* [DESCRIPTION OF THE TASK]
Find "Advertisement for silk" in the material below, then write out that line and every line after it exactly, ending with the last one; skip the pictures.

* [WORKING DATA]
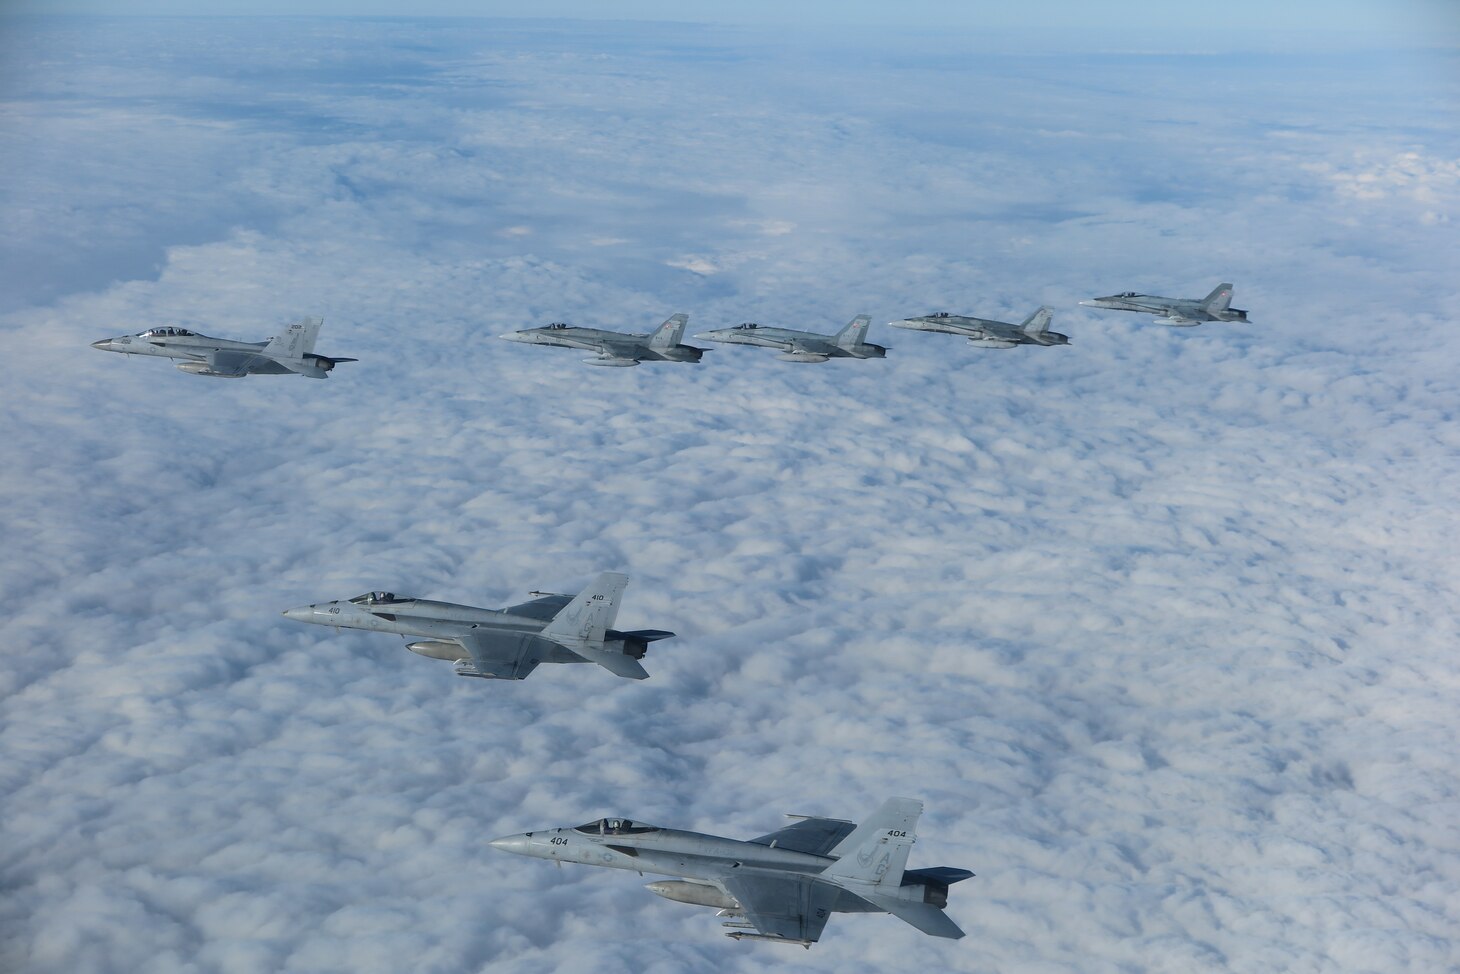 Three F/A-18E Super Hornet aircraft assigned to Carrier Air Wing (CVW) 7 and four CF-18 Hornet aircraft assigned to the Royal Canadian Air Force fly in formation over Romania during the NATO-led vigilance activity Neptune Strike 22.2 (NEST 22.2), Oct. 14, 2022.
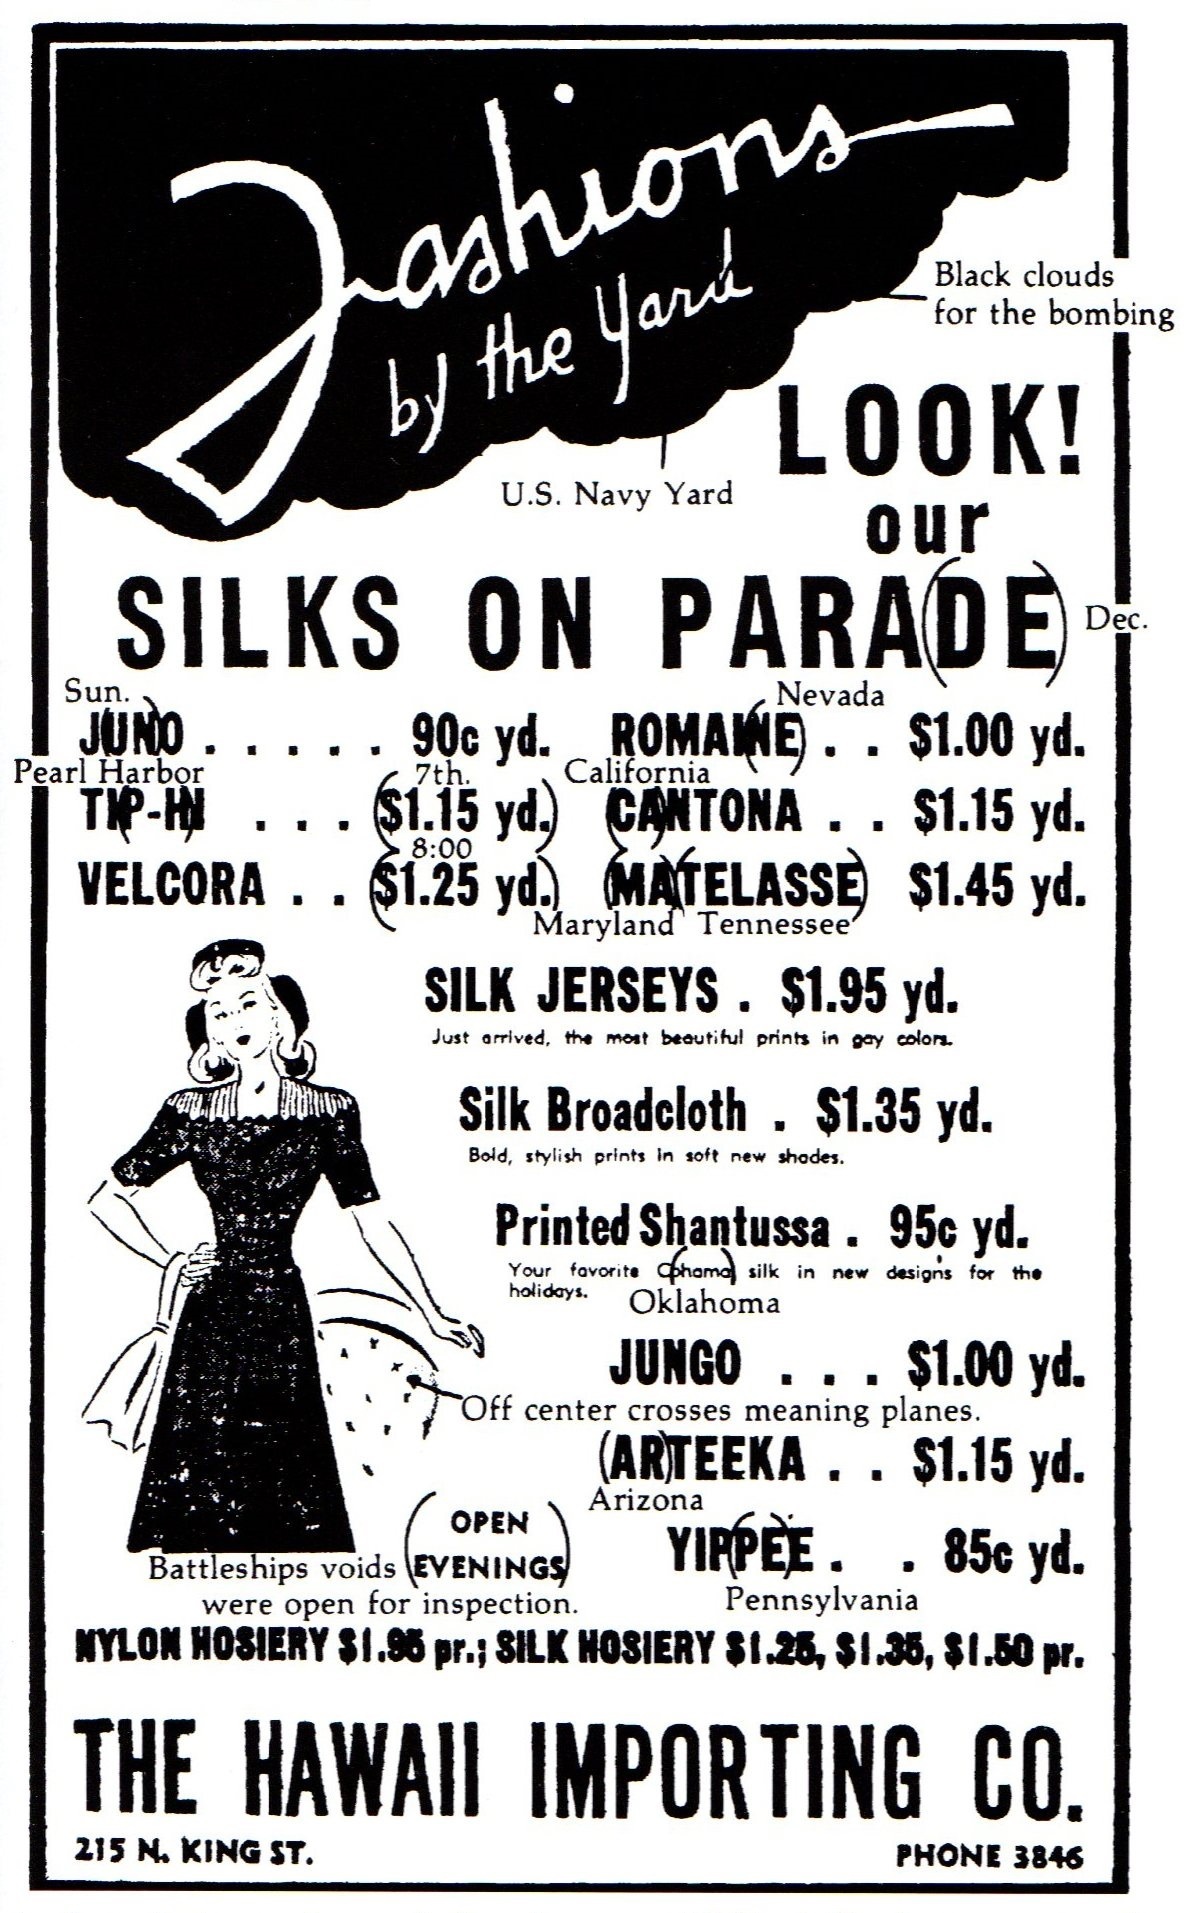 Advertisement for silk fabrics that appeared in two Honolulu newspapers 3 Dec 1941, four days before the attack. This ad was said to have coded messages alerting Japanese residents in Hawaii. This copy has been “decoded”
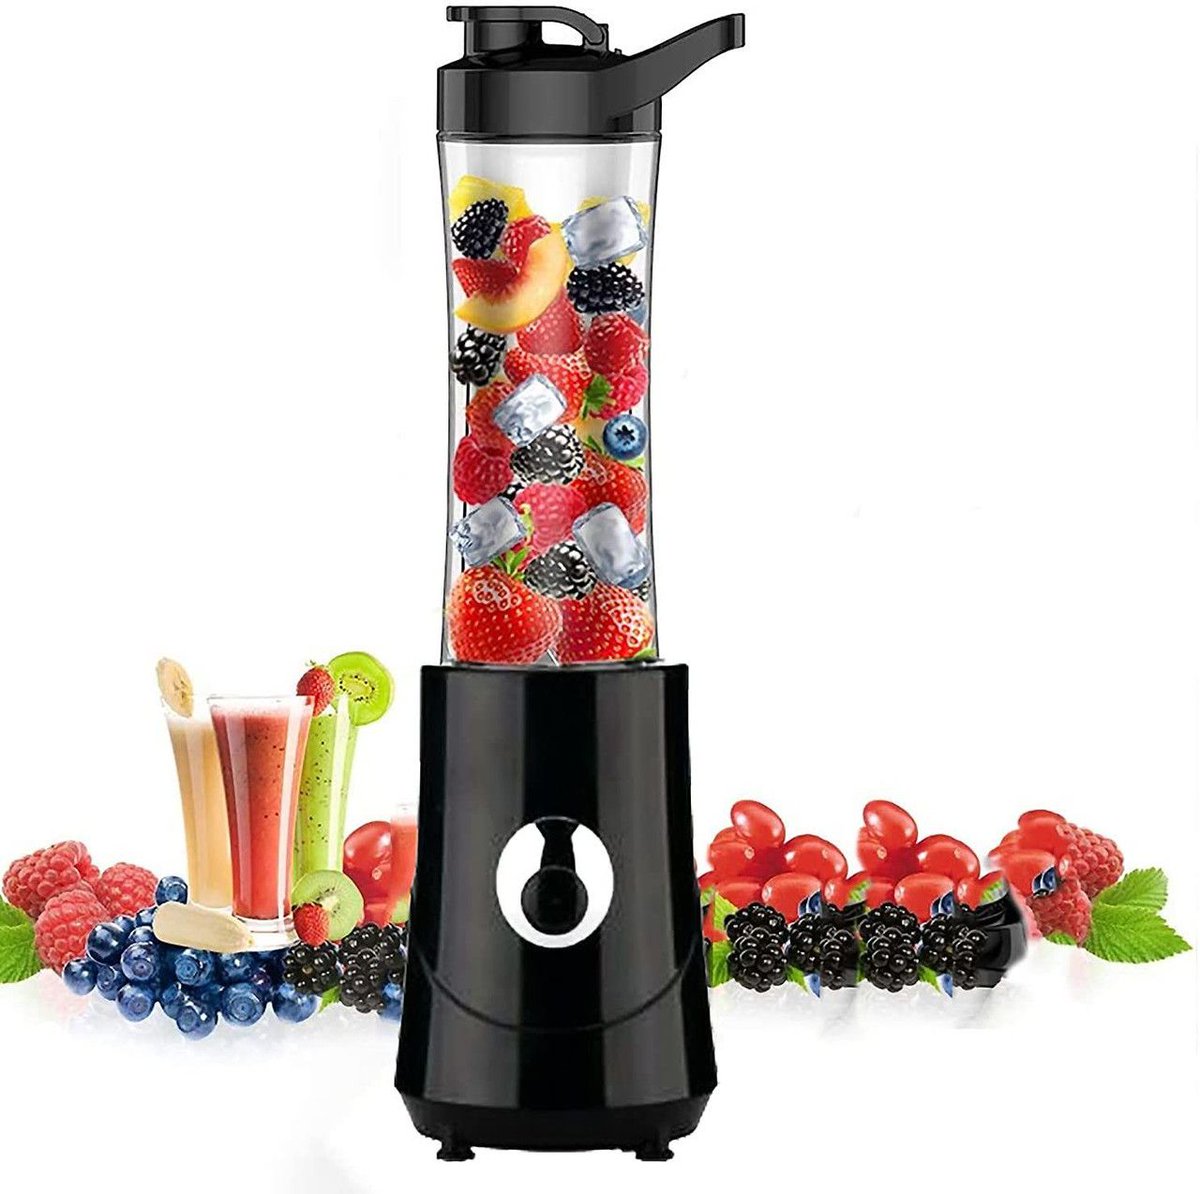 Take your smoothie along for the walk.  This personal juicer is the perfect size.
#freeshipping  #smoothieonthego  #bklynmadison.com
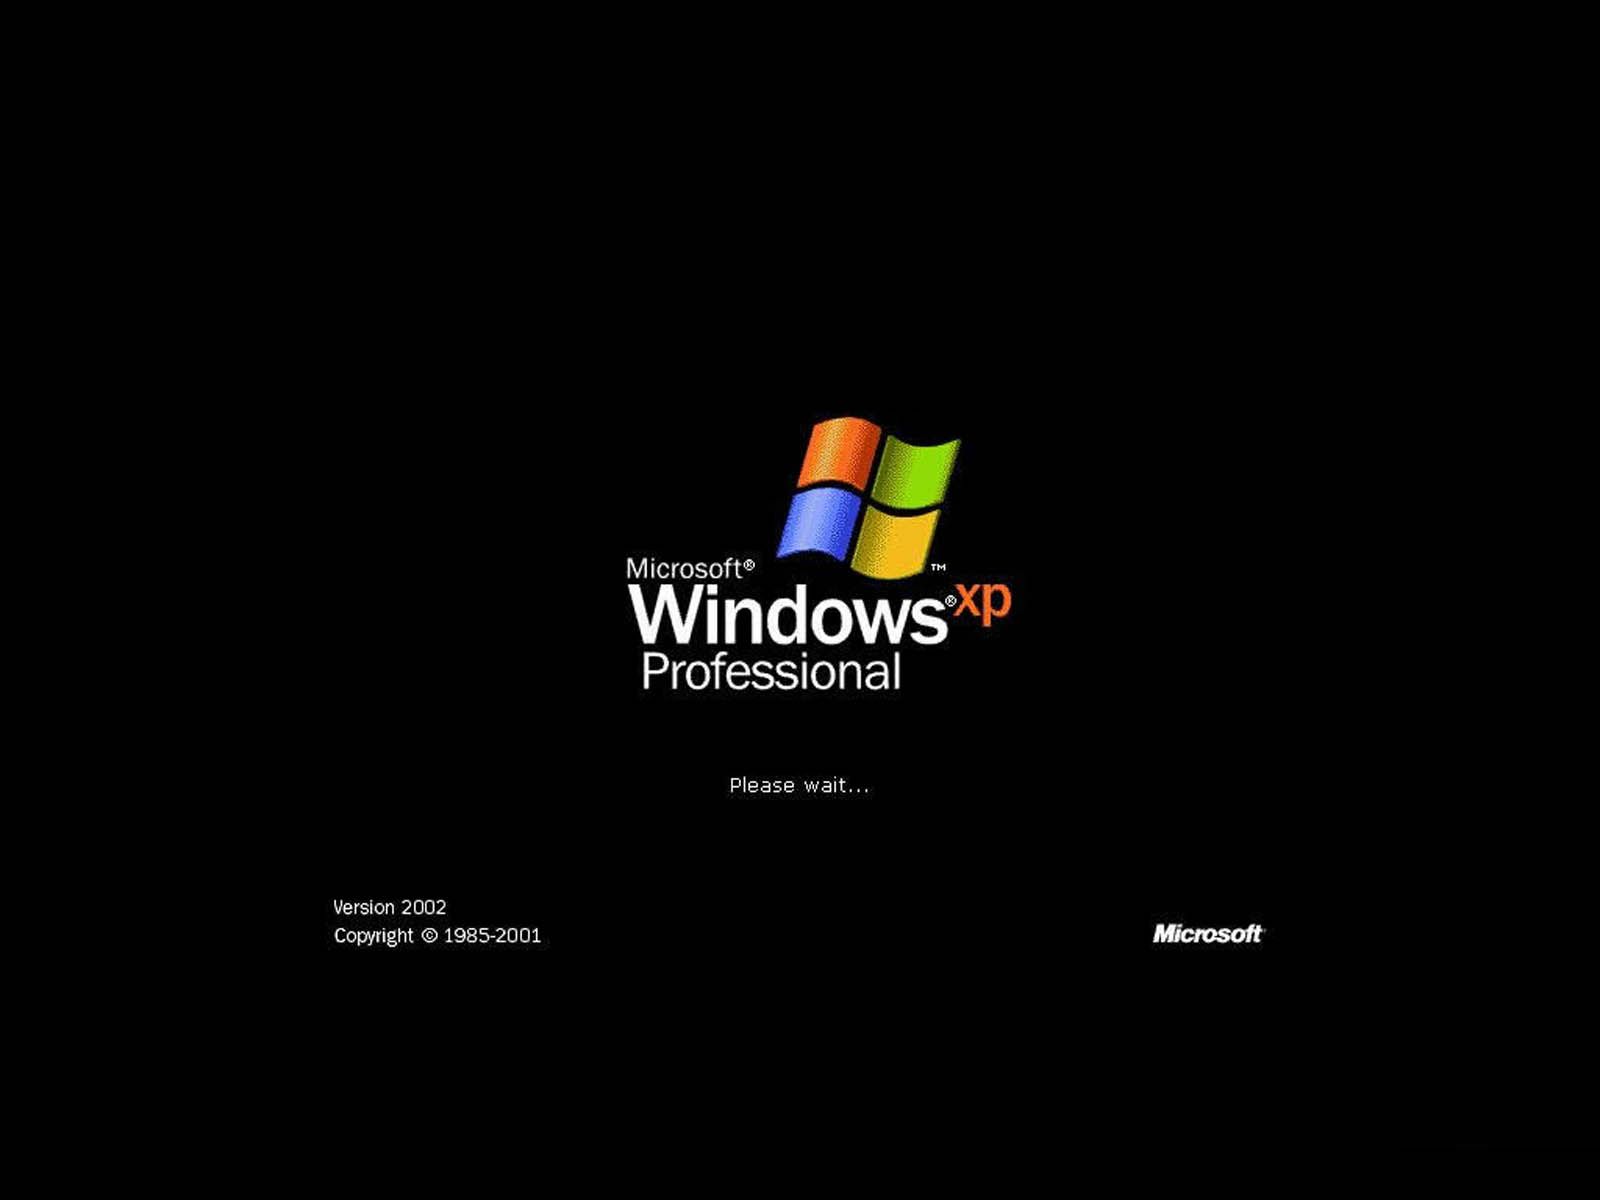 Windows Xp Wallpaper Awesome HDq

* [FINAL ANSWER]
 Advertisement for silk fabrics that appeared in two Honolulu newspapers 3 Dec 1941, four days before the attack. This ad was said to have coded messages alerting Japanese residents in Hawaii. This copy has been “decoded”
 Take your smoothie along for the walk.  This personal juicer is the perfect size.
#freeshipping  #smoothieonthego  #bklynmadison.com
 Windows Xp Wallpaper Awesome HDq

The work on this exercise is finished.